The trouble is that we have three allegedly different same parties all united in one thing: Scotland is entitled to nothing. Zero. Zilch. Anyone saying different is automatically baad. No country in the world, except Scotland, bottled it on the question of what kind currency we might have after independence. Ireland didn’t give a damn and adopted the pound Sterling for years anyway, until they agreed on something else to suit.

The word Sterling is from the toon o’ Stirling, where Scotland had one of its royal mints. One of the many broken articles in the Treaty of the so-called “Union” takeover was that Scotland should retain its own mint: another promise with hole in it.

We actually had the inhabitants of the black hole of London, where oor taxes go, say that Scotland could not have independence because of its black hole. Or at least, that was what a supermercat checkoot guy telt me, when I asked why they don’t have enough copies of The National. What black hole? We don’t even have a nation to have a national debt, holy or otherwise.

The basic essentials for human life are food, clothing, shelter and in caulder climates, fuel. Scotland has an abundance of all the resources we need for that, so why the shortage?

We could afford to feed ourselves daily four times over and still have a surplus. In terms of shelter, with only five million puir souls we do not have a population pressure for land. It is owned by a few absentee landlords. They spend most of their time avoiding the place and come back for the Glorious Twelfth to shoot the peasants jumping oot as their low-paid ghillies beat the heather.

House prices here are determined not by materials and labour, but by market values.
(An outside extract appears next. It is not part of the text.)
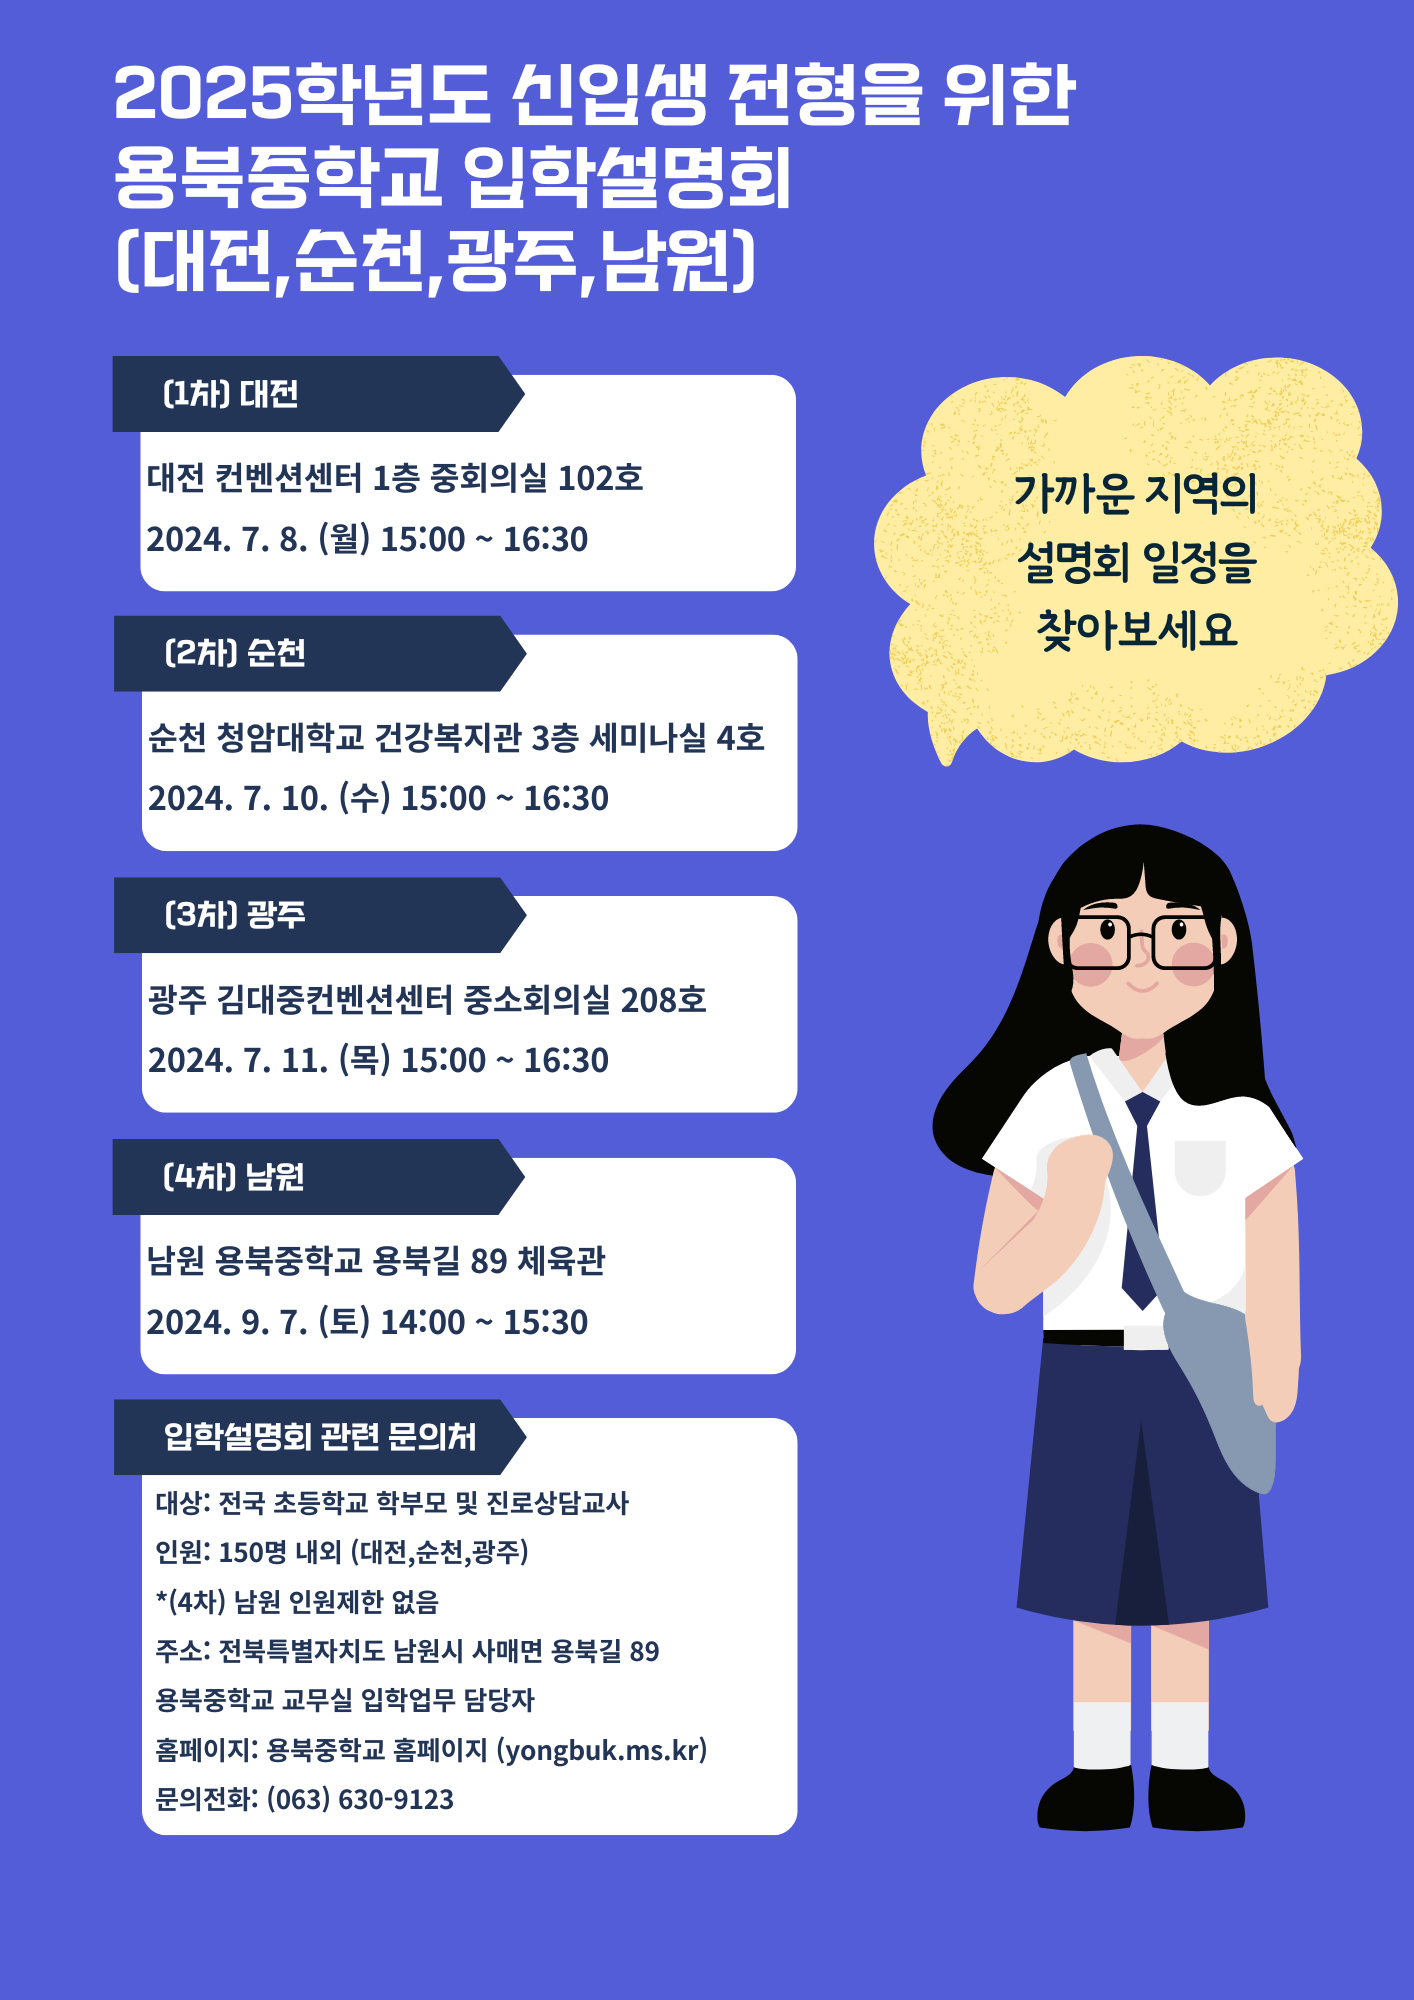 사본 -2025학년도 용북중학교 입학설명회 포스터

A broom cupboard in the centre of London is worth much more than a hoose halfway up Ben Stoorie.

As for fuel, name one oil-rich country that is actually poorer for discovering oil, apart from Nigeria. We are fuel rich but don’t have corruption here. Do we?
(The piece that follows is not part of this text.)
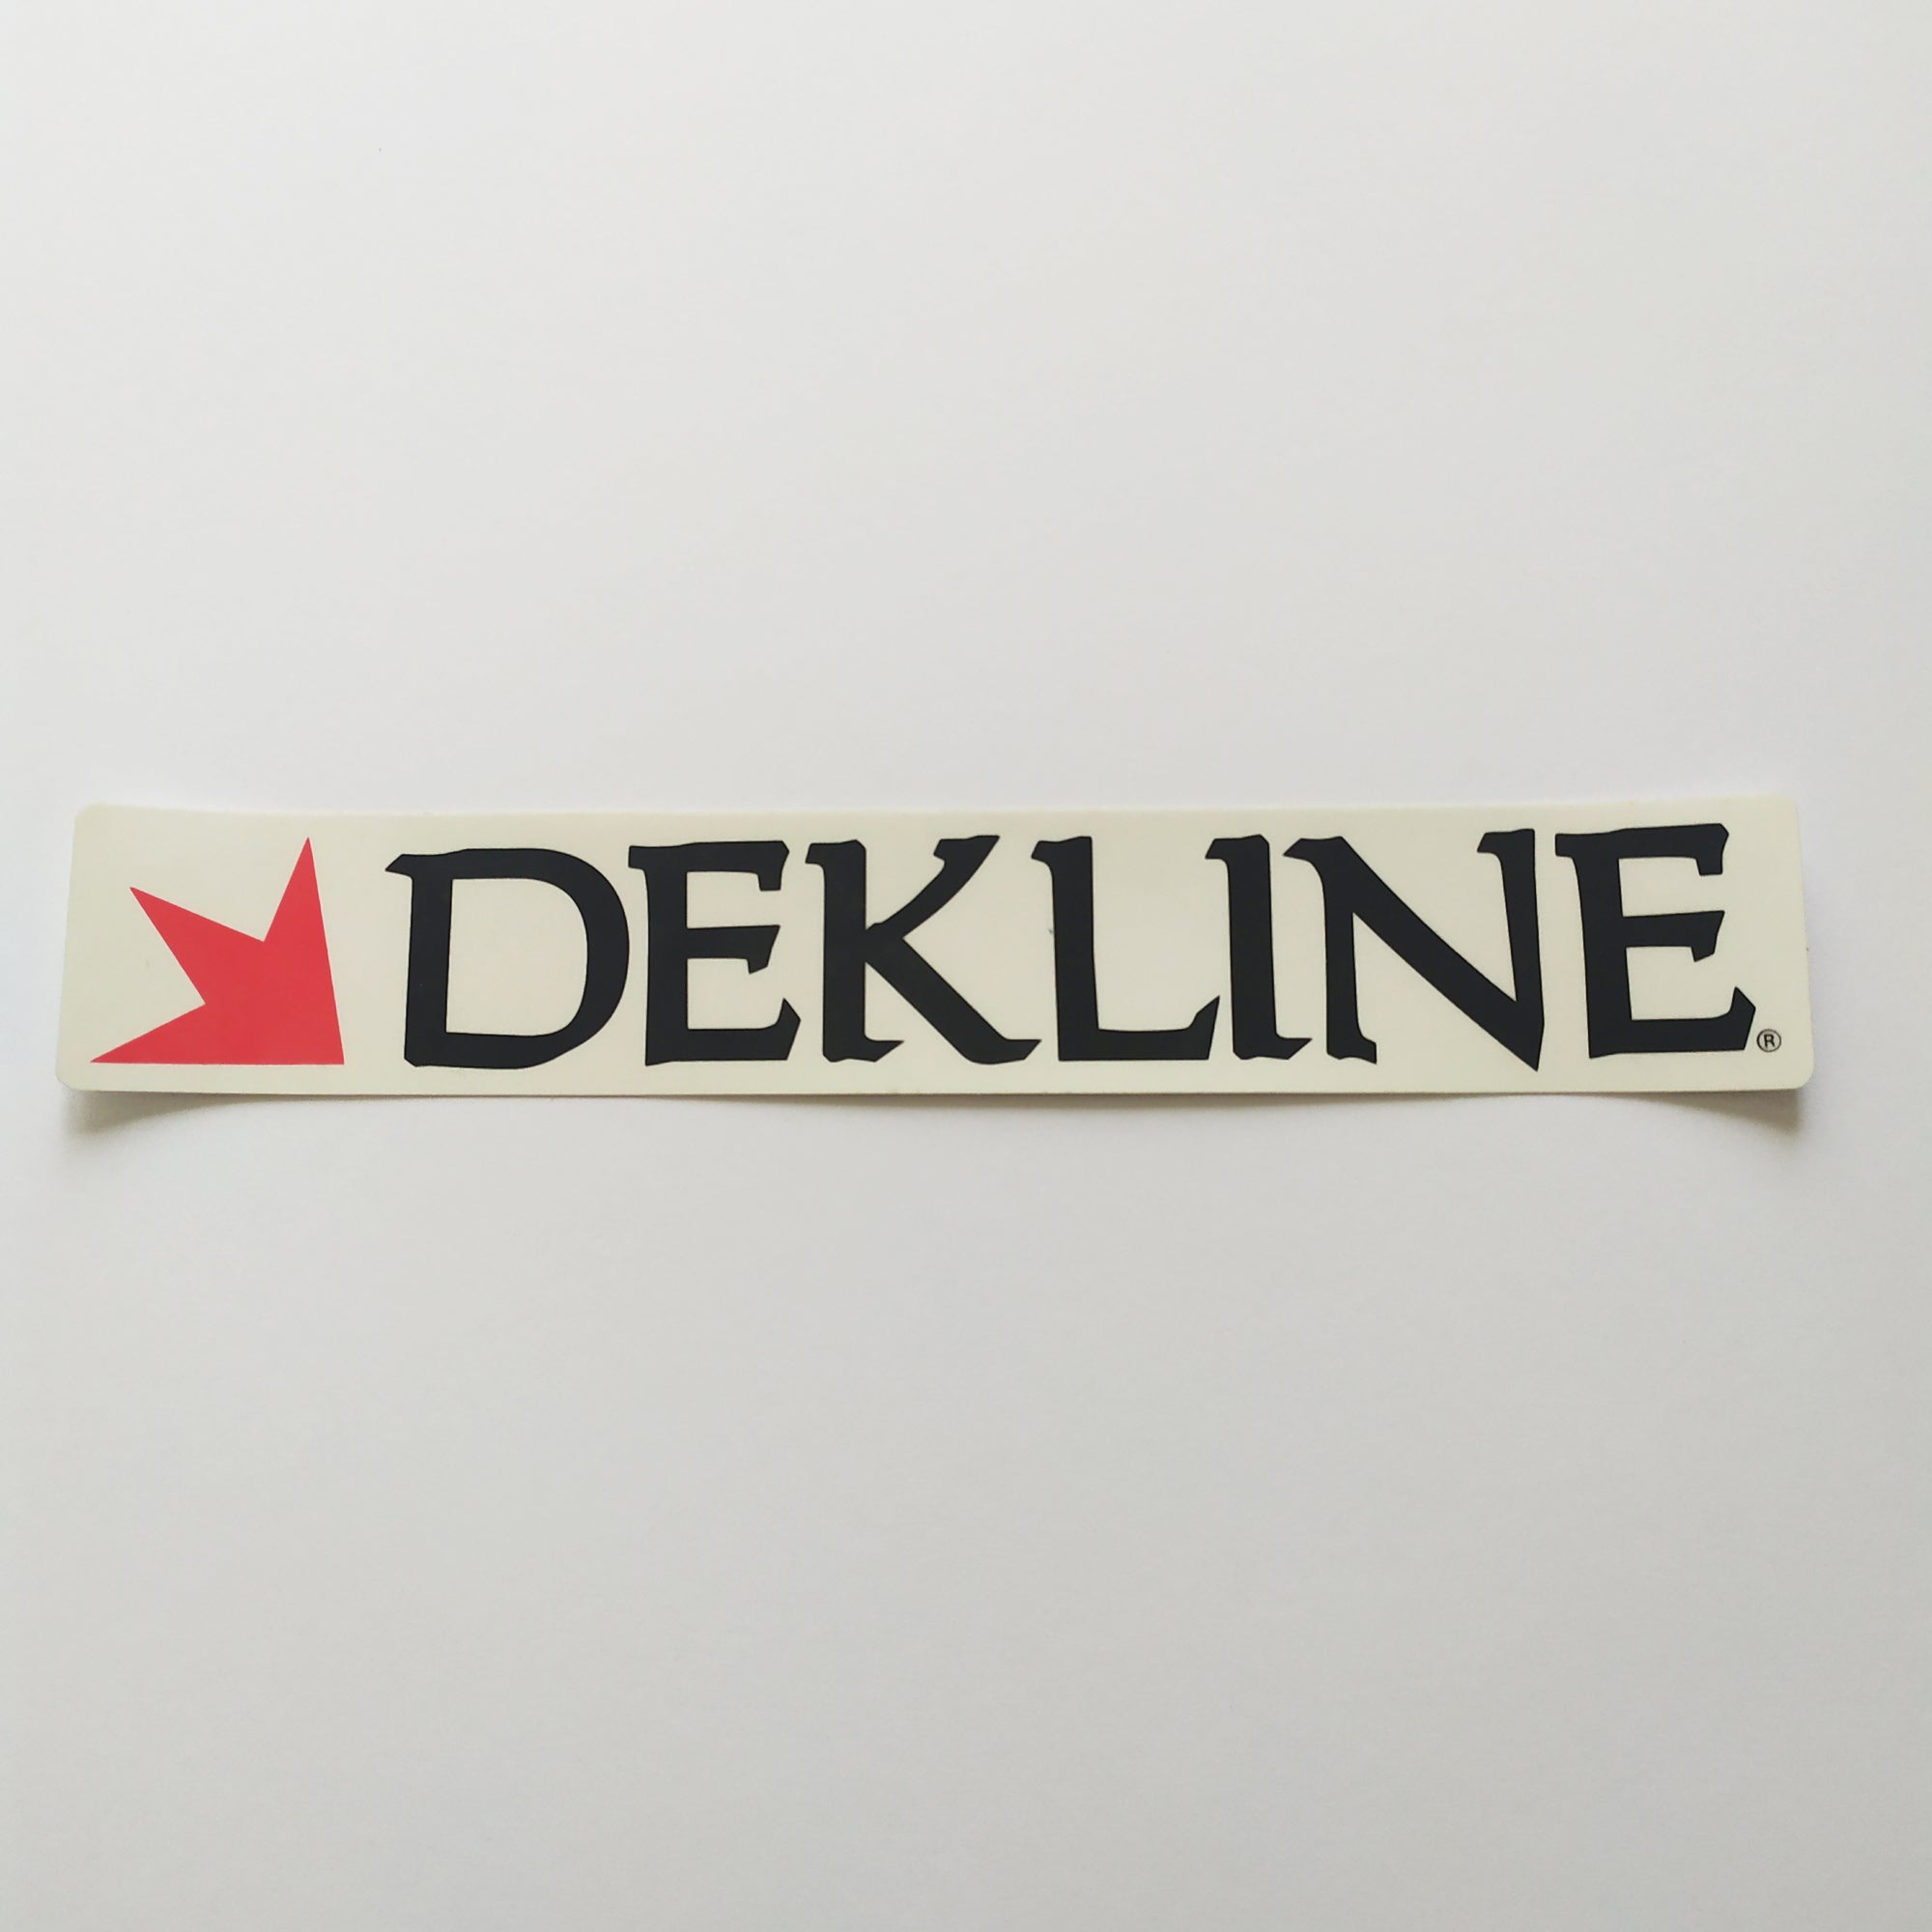 Dekline Footwear Skateboard Sticker

We have all the resources we need and more. Problem is, we don’t own it. So like everything else, the argument has to move from the dismal science to the political. How do we manage and allocate these resources? Since we don’t, the question is academic. Since we must get the country first, the question is political. Do we have a capitalist economy Mickey Fry-style and let the de’il tak the hindmaist? Or, do we have a communist economy? A mixed economy? Or do we have a “third way” that is allegedly neither communism or capitalism?
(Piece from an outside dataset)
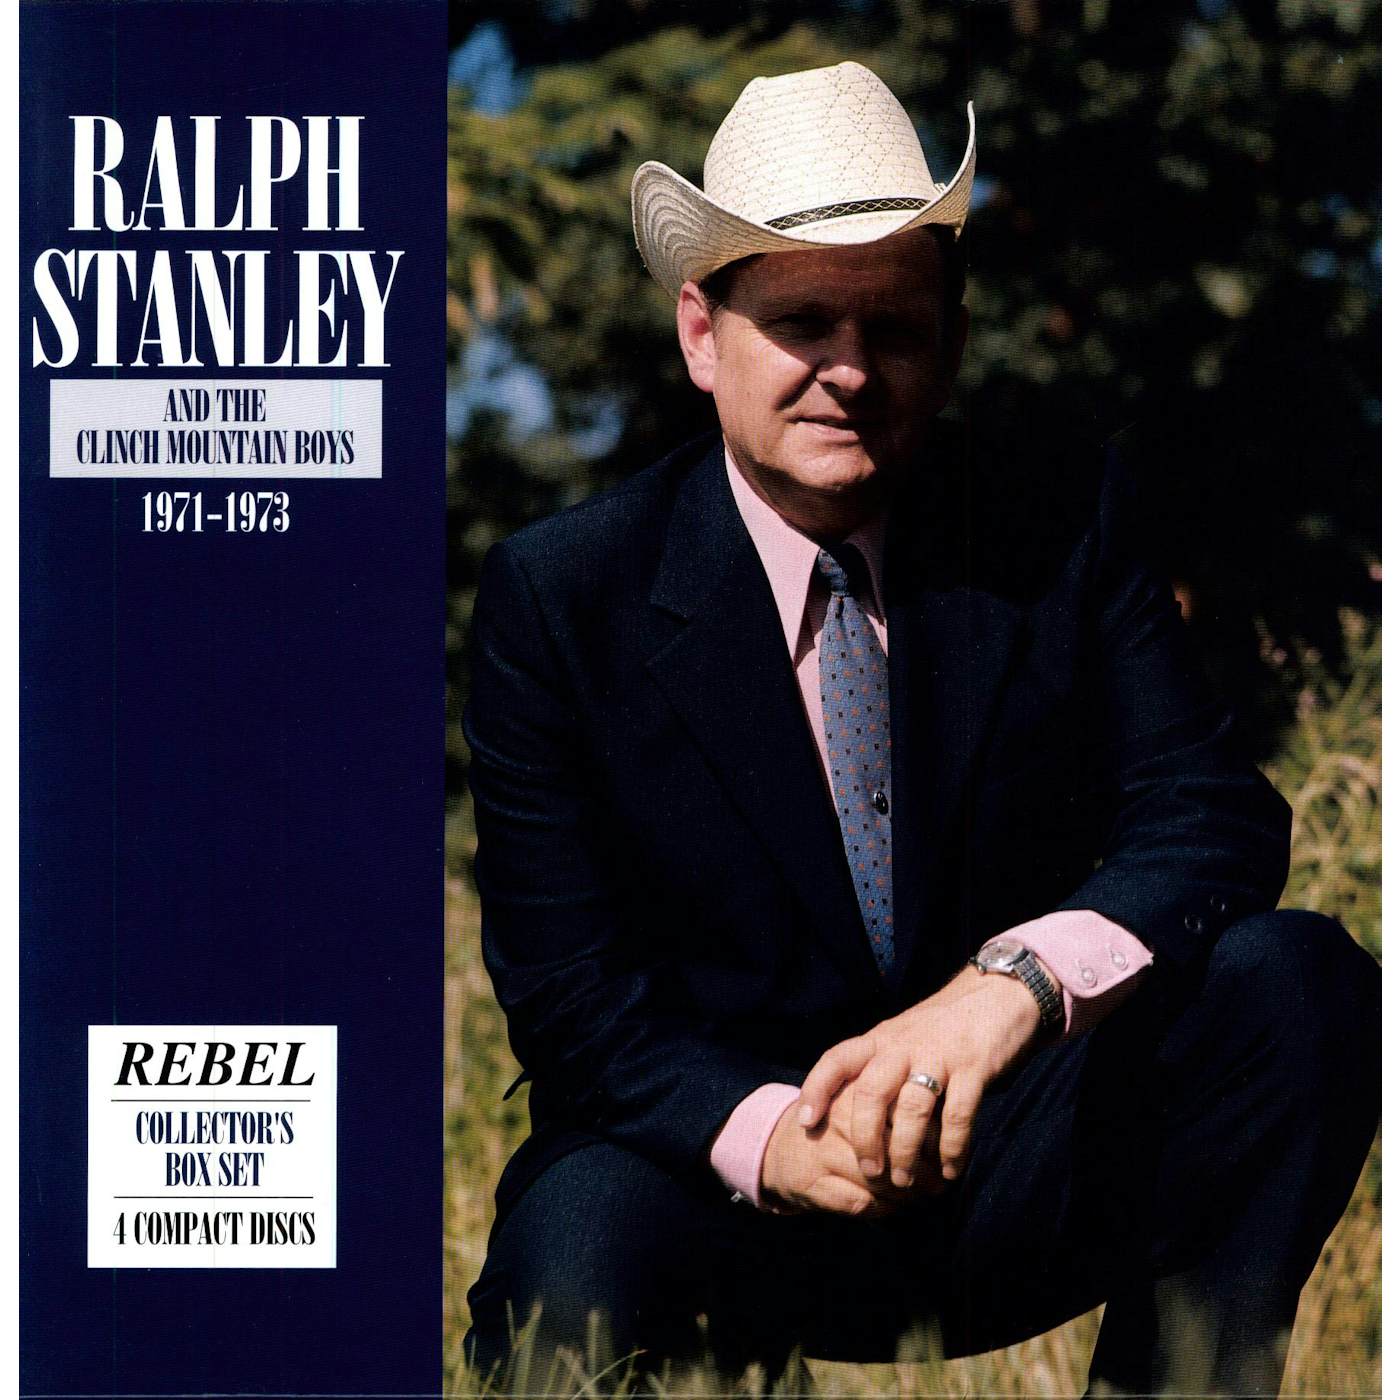 Ralph Stanley 1971-1973 CD

The occupying forces in Europe ran a military-style command economy, taking over all the public services and supplies. It worked. General Eisenhower from commander to president gave jobs, housing, education, welfare etc to his returning vets. General MacArthur just wanted to nuke the Chinese Commies during the Korean aftermath.

Now we don’t know if Boris or Donald have the nerve to nuke guinness-knows-who? Still, oor ain wee chez nuke base 20-odd mile frae Glesga is only there for economic reasons, according to the sitting MSP Jackie Baillie, just to give jobs to the local economy.

If we put ten economists in a ferret sack and asked them one simple question, we would have ten different complicated, weasel-like answers and a black hole in the grun. It’s the economy, stoopid.